Ich kann dir nur eine Antwort geben.
Und zwar zu "wäre das legal die in massen zu entnehmen (100-200 stück)". An sich wäre das legal (im allgemeinen). Andererseits solltest du dich über die zuständige Gesetze in solchen Sachen informieren.
Will sagen, darfst du die Senke benutzen? Ich denke mir mal dass es nicht einfach ist 100 - 200 Fische mit angegebener Größe einzeln mit der Rute zu fangen 
Obs dieselben sind kann ich dir nicht sagen, da ich nicht weiß welche Fische es waren.

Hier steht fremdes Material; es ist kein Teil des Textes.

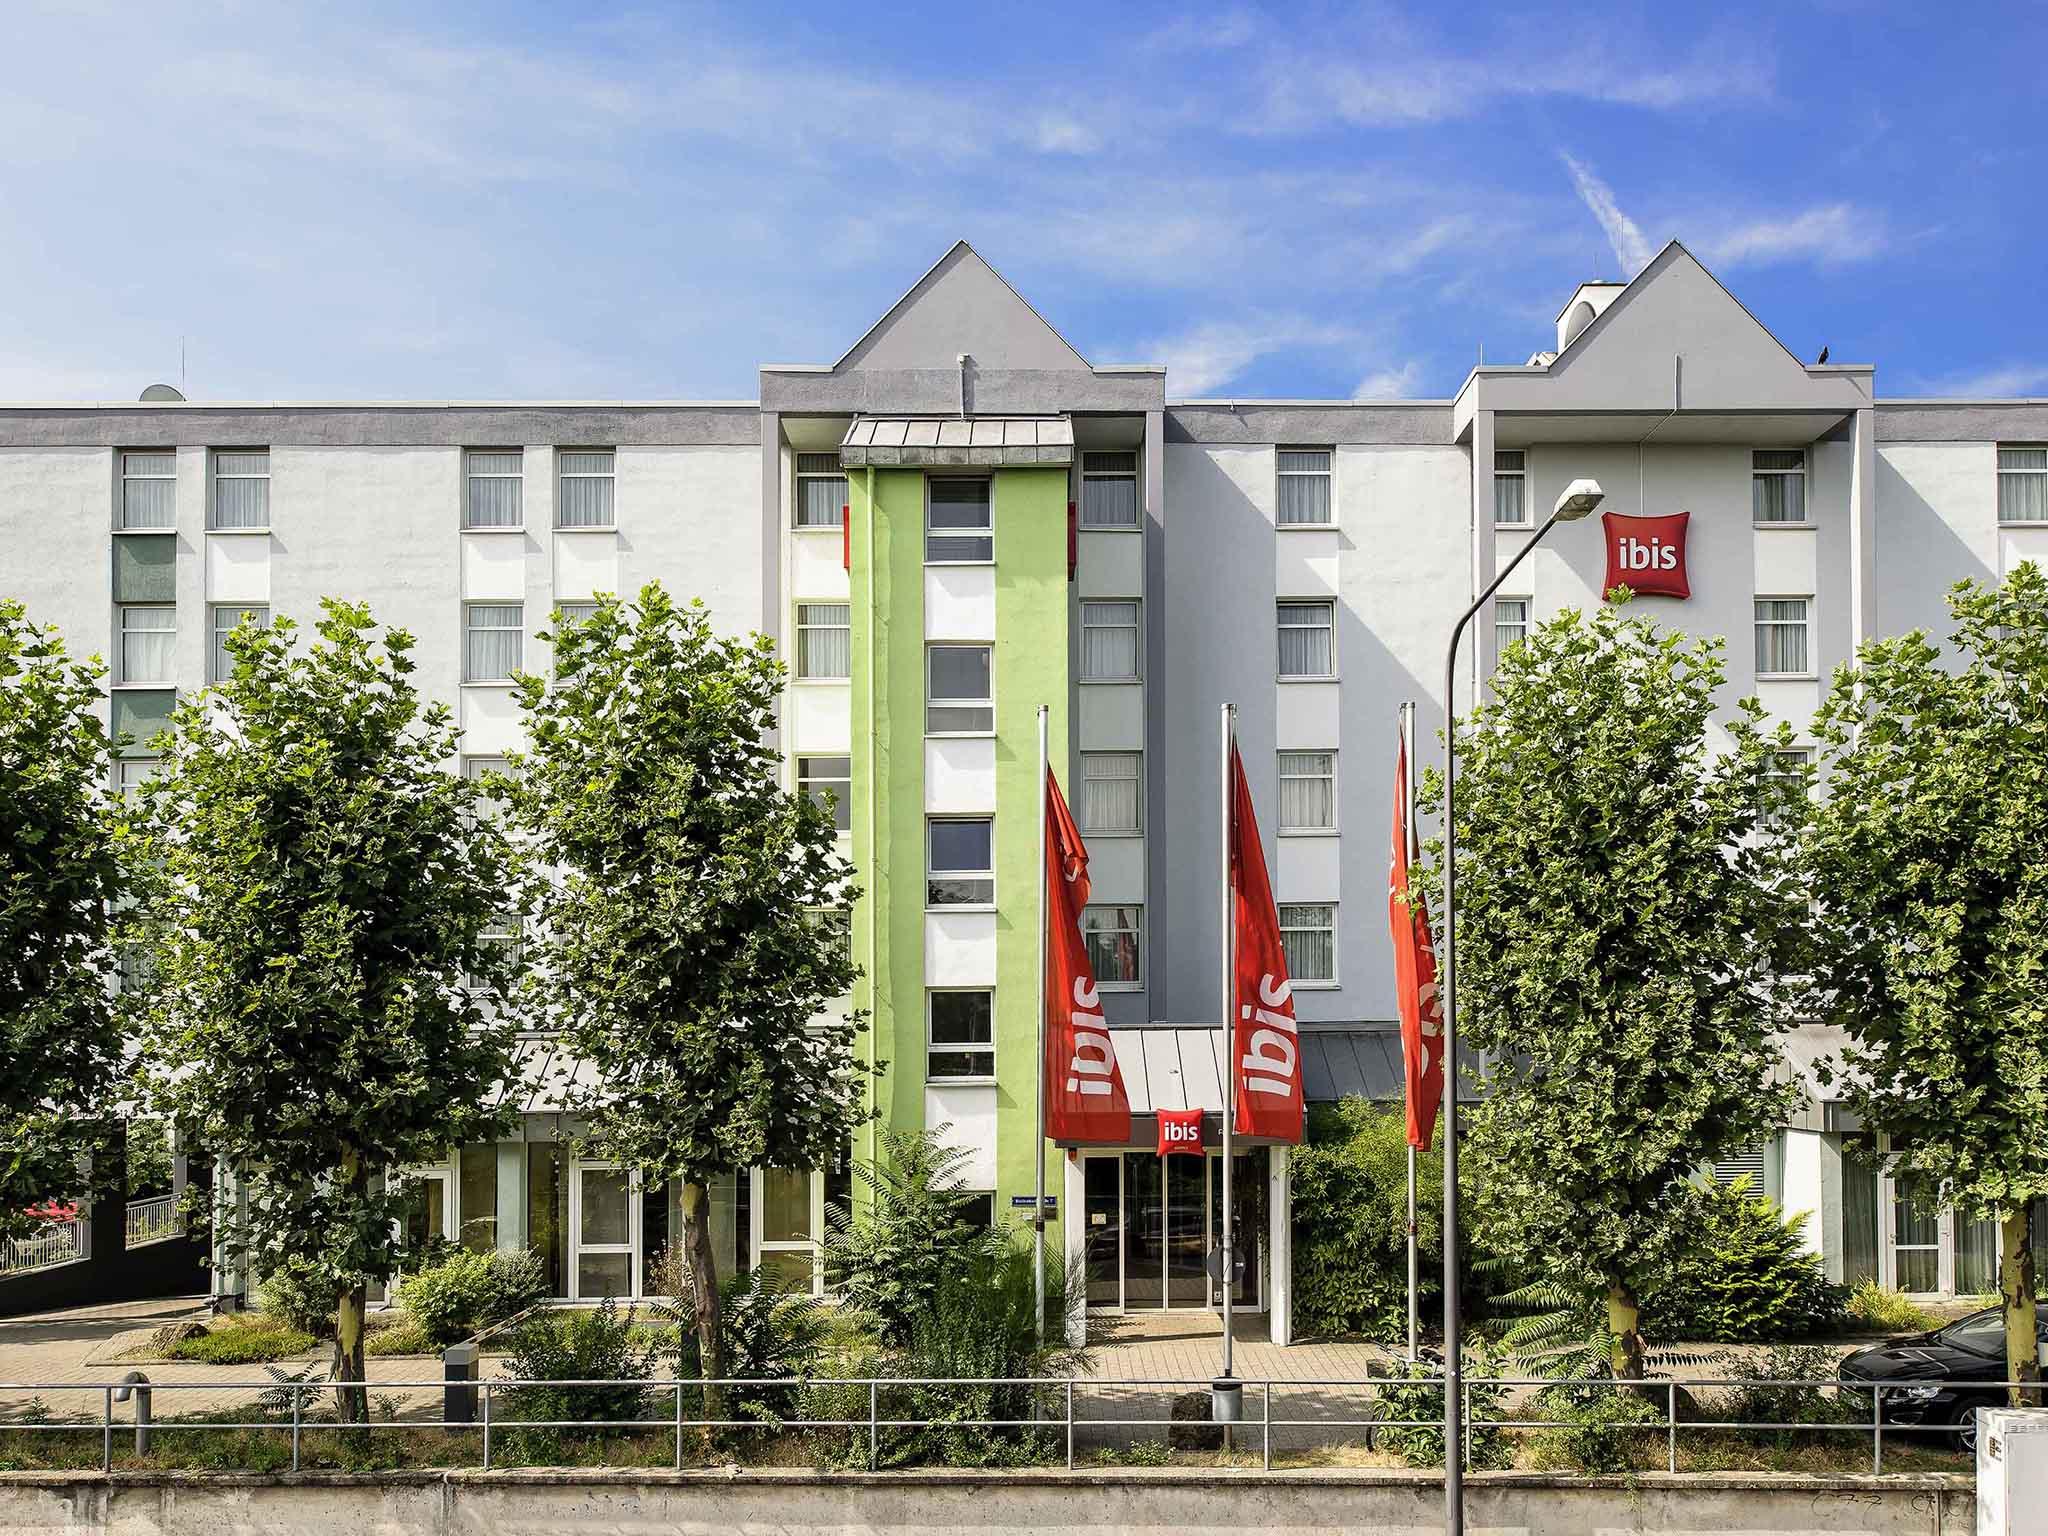 فندق - إيبيس ibis فرانكفورت ميسي ويست

Aber ich vermute dasses sich eine andere Art handelt da Italien von unseren Gefilden ja doch ne Ecke weg ist.

Hoffe ich habe keinen Stuss erzählt und etwas geholfen 
Wenn was falsch ist berichtigt mich!
Man lernt nie aus

lg Harbour!


----------



## katasen (18. Oktober 2008)

*AW: minifische frittieren? - hilfe bitte*

jo die müsste ich schon per senke oder kescher rausholen.

ich glaube nicht dass es so kleine haken gibt und ehrlich gesagt wäre mir das auch zu dumm die zu angeln


----------



## rallye-vid (18. Oktober 2008)

*AW: minifische frittieren? - hilfe bitte*



katasen schrieb:


> ich glaube nicht dass es so kleine haken gibt



Die gibts... Ne Fruchtfliege könnte man evtl. draufkriegen.


----------



## boot (18. Oktober 2008)

*AW: minifische frittieren? - hilfe bitte*



katasen schrieb:


> jo die müsste ich schon per senke oder kescher rausholen.
> 
> ich glaube nicht dass es so kleine haken gibt und ehrlich gesagt wäre mir das auch zu dumm die zu angeln


 Ich denke das es sich um Sardinen handelt.


----------



## Nimos (19. Oktober 2008)

*AW: minifische frittieren? - hilfe bitte*

kann dir dazu nur sagen das man das auch mit Gründlingen machen kann schmeckt supii :vik:


----------